By Salah Rashid
For nearly three decades, Somalia has been the focus of one of the world’s largest humanitarian operations. Billions of dollars were mobilized through UN-led frameworks with the promise of saving lives, strengthening resilience, and building institutions.
Yet, in the regions of Sool, Sanaag, and Cayn (SSC), that promise has consistently been broken. Mothers watched children go to bed hungry, families walked for days in search of water, and young people saw hope replaced by despair, not because aid was unavailable, but because politics stood in the way.
Between 2019 and 2023 alone, of the $148 million in international assistance earmarked for SSC, only $61 million ever reached its people. Nearly $87 million – more than half, simply disappeared, diverted to unknown or unaccounted destinations. This was not the result of drought, insecurity, or lack of access. It was the result of a single word weaponized against an entire population: “disputed.”
Although SSC has always been part of the Federal Republic of Somalia, international aid agencies and donor governments used that label as a shield. With Somaliland and Puntland laying competing, unproven claims over the territory, the word “disputed” became an easy excuse to look away. It allowed projects to be shifted elsewhere, while families in SSC endured the full weight of drought, climate shocks, hunger, poor health, and collapsing services.
The cost of that cynical classification was immense. Resilience was stripped away as pastoralist households lost the ability to survive bad seasons. Governance weakened as NGOs replaced state institutions as the only source of survival. A generation grew up dependent on handouts rather than secure livelihoods, locked into a cycle of vulnerability.
Today, that cycle may finally be breaking. With the formation of the North East Federal Member State, headquartered in Las Anod, the people of SSC have, for the first time in modern history, a representative government of their own. Abdikadir Ahmed Aw-Ali, popularly known as Firdhiye, was elected as the first President of the North East State, while Dr. Adan Abdullahi Aw-Hassan was chosen as Speaker of Parliament. Their election is not merely a political milestone; it is a beacon of hope for communities long silenced by aid politics. It signals the possibility of rewriting the story of SSC—from one of exclusion to one of empowerment.
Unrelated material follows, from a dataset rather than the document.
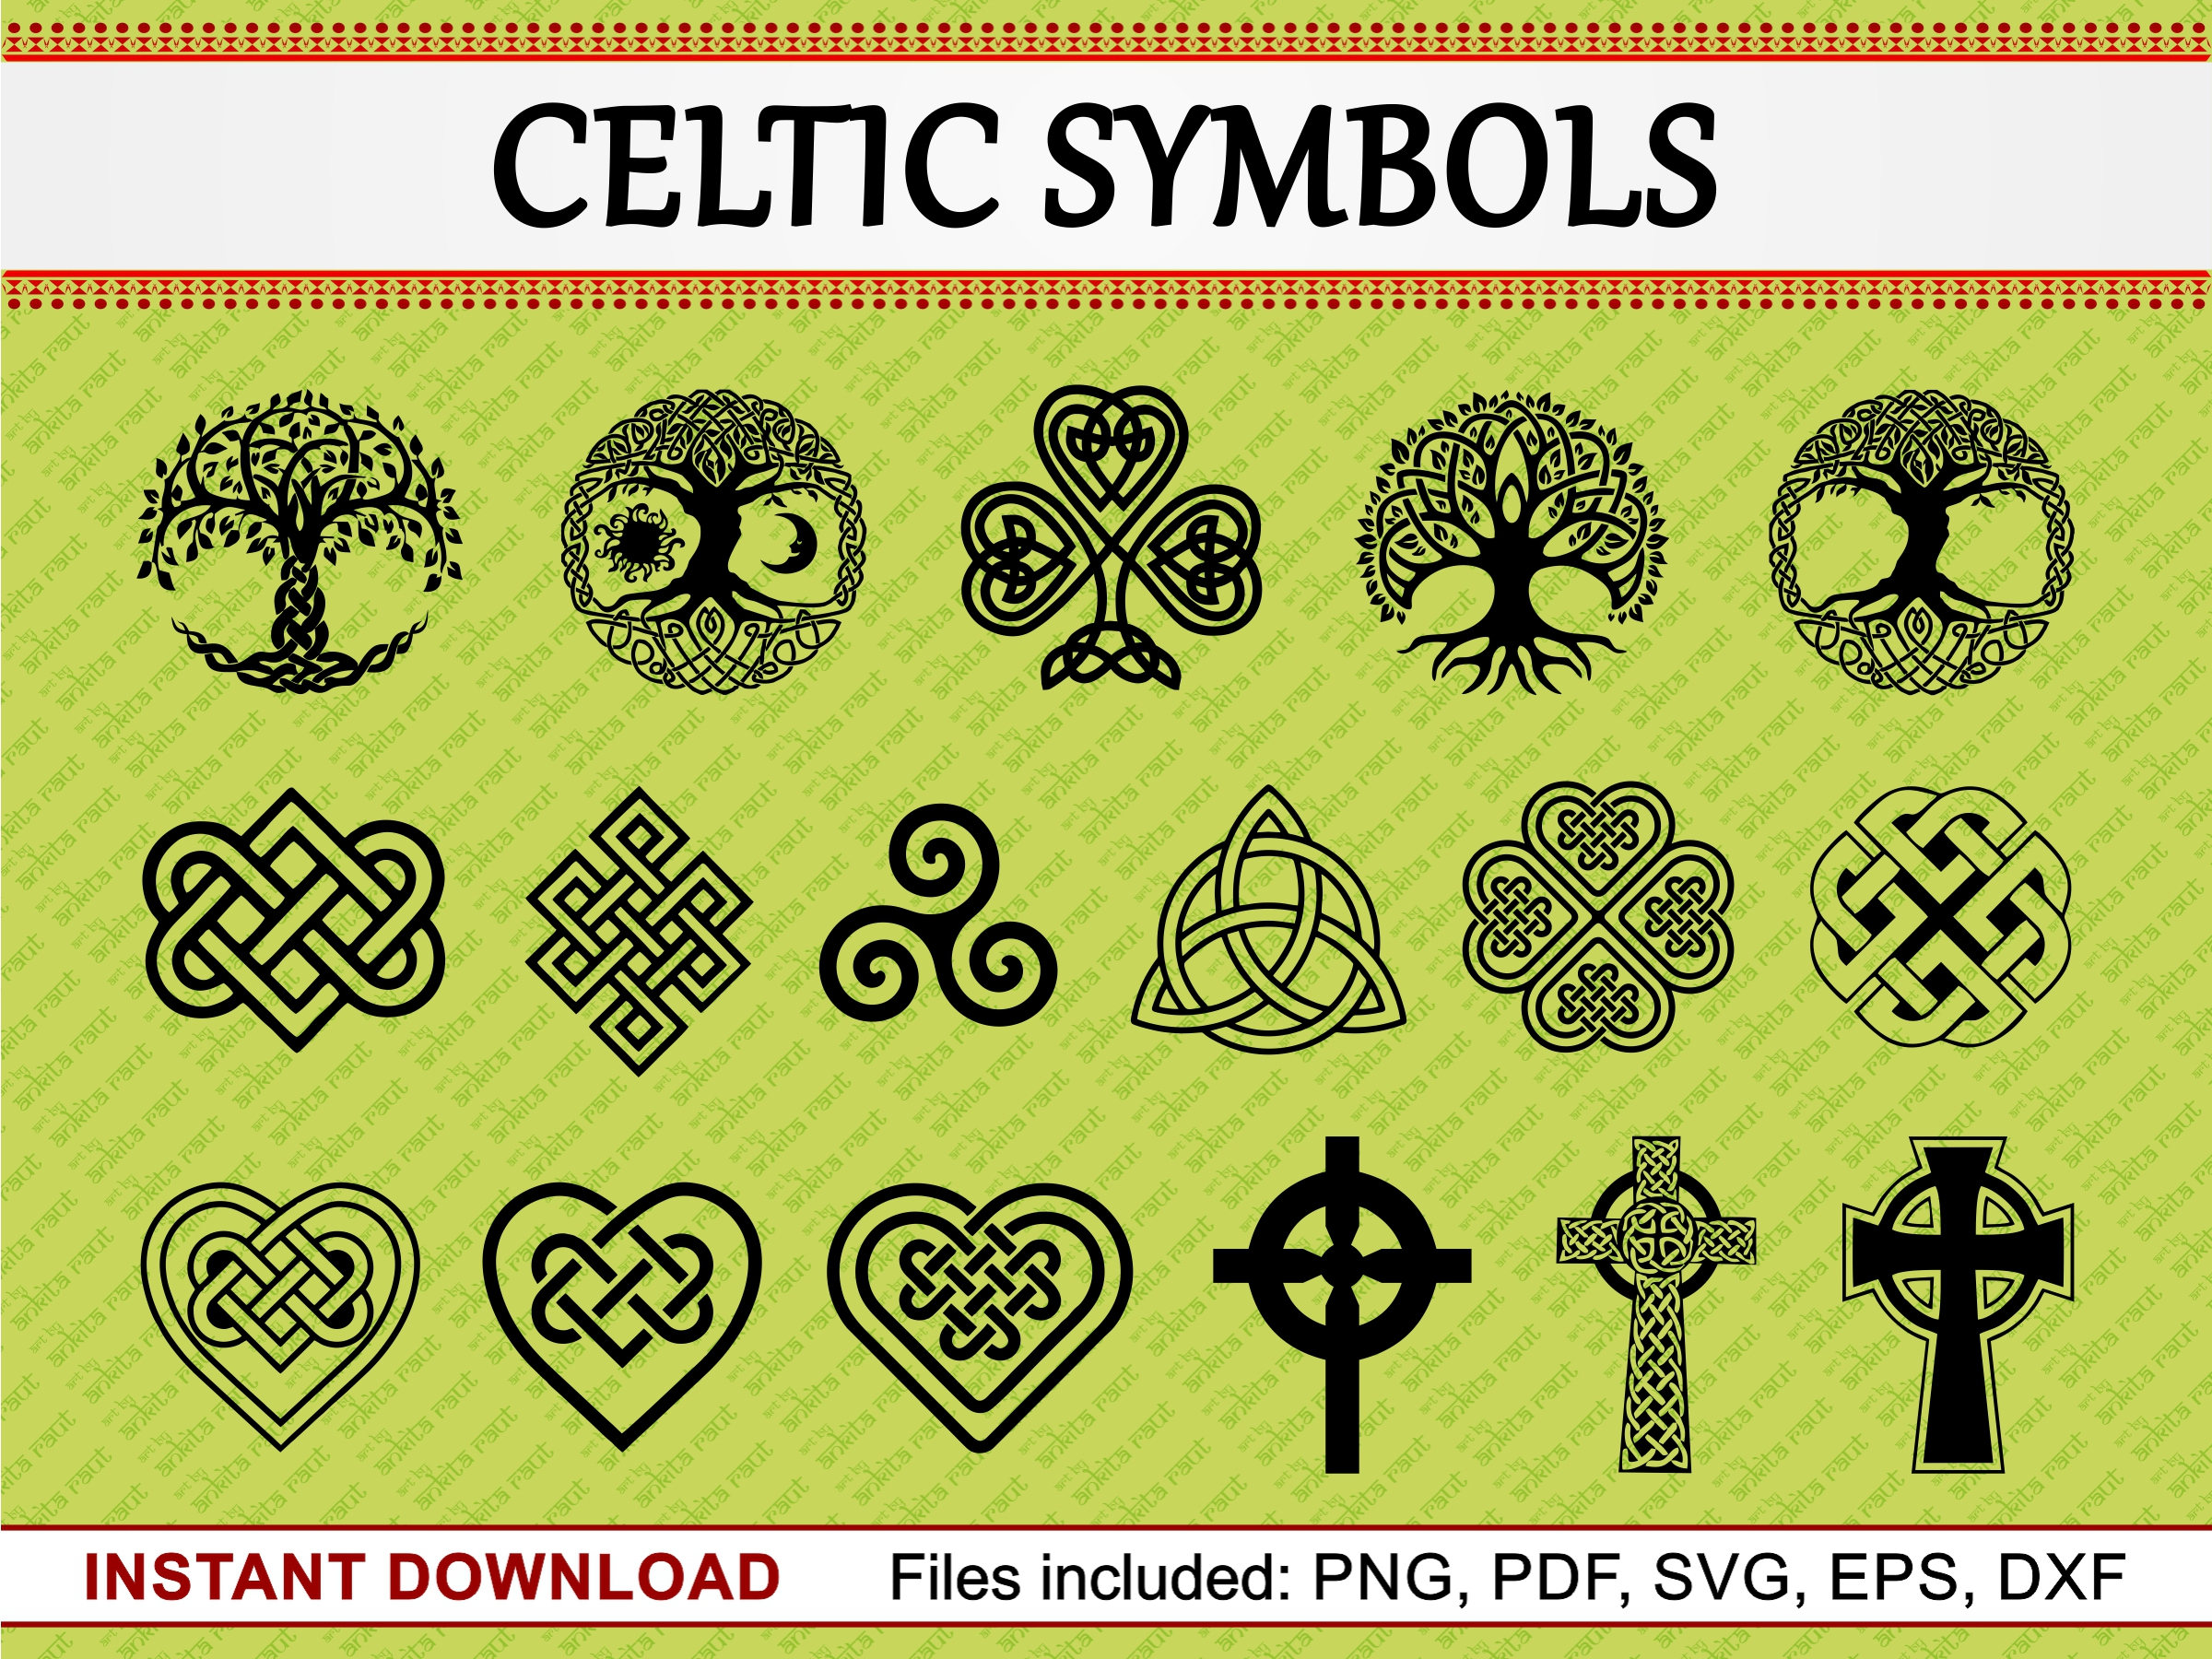 Download Celtic Symbols Set of 17 Commercial Use Cliparts Celtic

For this to succeed, aid must be delivered differently. The region needs a credible and transparent system that coordinates humanitarian assistance and ensures that every dollar meant for SSC reaches SSC. That begins with establishing a professional Aid Coordination Office within the Ministry of Planning, alongside a Ministry of Humanitarian Affairs, to serve as a trusted partner for donors and agencies. Equally vital is the demand that the international community abandon the old excuse of “disputed areas.” Aid must follow people and their needs, not political calculations.
The people of SSC also know that survival cannot be built on endless relief alone. They long for solutions that strengthen their resilience: clean water systems that save children from walking miles each day, rangeland management that preserves the livelihoods of pastoralists, vocational training that gives young people an alternative to migration or despair, and climate-smart agriculture that can withstand an unpredictable environment. These are not luxuries; they are the foundation of dignity and stability.
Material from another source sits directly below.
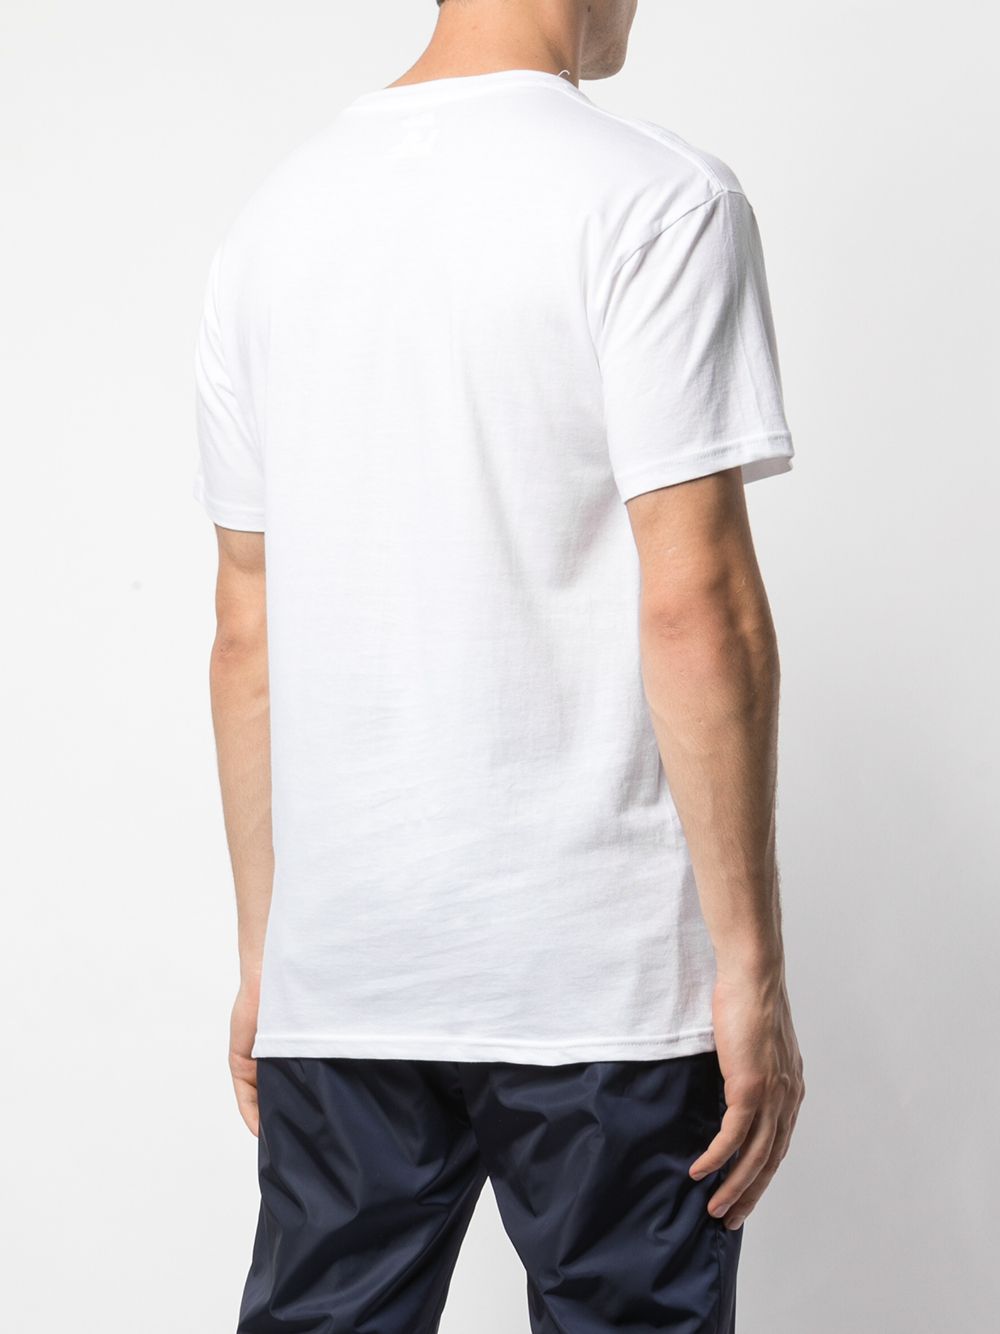 Supreme Hanes Tagless Tee T-Shirt - White - Medium - 1 Single Tee - 100%  Genuine • Tribunali Italiani

For too long, aid in SSC has been something done to people rather than with them. International actors bypassed local organizations and institutions, unintentionally weakening the very governance structures they claim to support. But SSC’s new leadership is determined to turn that page.
Aid must empower Somali organizations, civil society, and local institutions, ensuring communities are not passive recipients but active drivers of their own future.
The international community also faces a test. Donors cannot continue to bankroll manipulation while claiming to promote peace and resilience. Ethical aid-free from political distortion is not only a humanitarian duty but a peacebuilding necessity. The North Eastern region holds immense untapped potential in livestock, trade, renewable energy, and cross-border commerce. If supported with fairness and vision, it could become a model of recovery, stability, and growth.
For decades, SSC was left behind by a label. But labels do not define people. With transparent governance and genuine international engagement, the people of the North East State can transform their story from one of neglect to one of determination. The question is no longer whether SSC deserves aid, it is whether the world is finally willing to deliver aid justly, equitably, and without political manipulation.
It can happen. It should happen. And the families of Sool, Sanaag, and Cayn are determined to ensure that it does.
The views expressed in this article are solely those of the author and do not necessarily reflect the opinions of Somali Stream.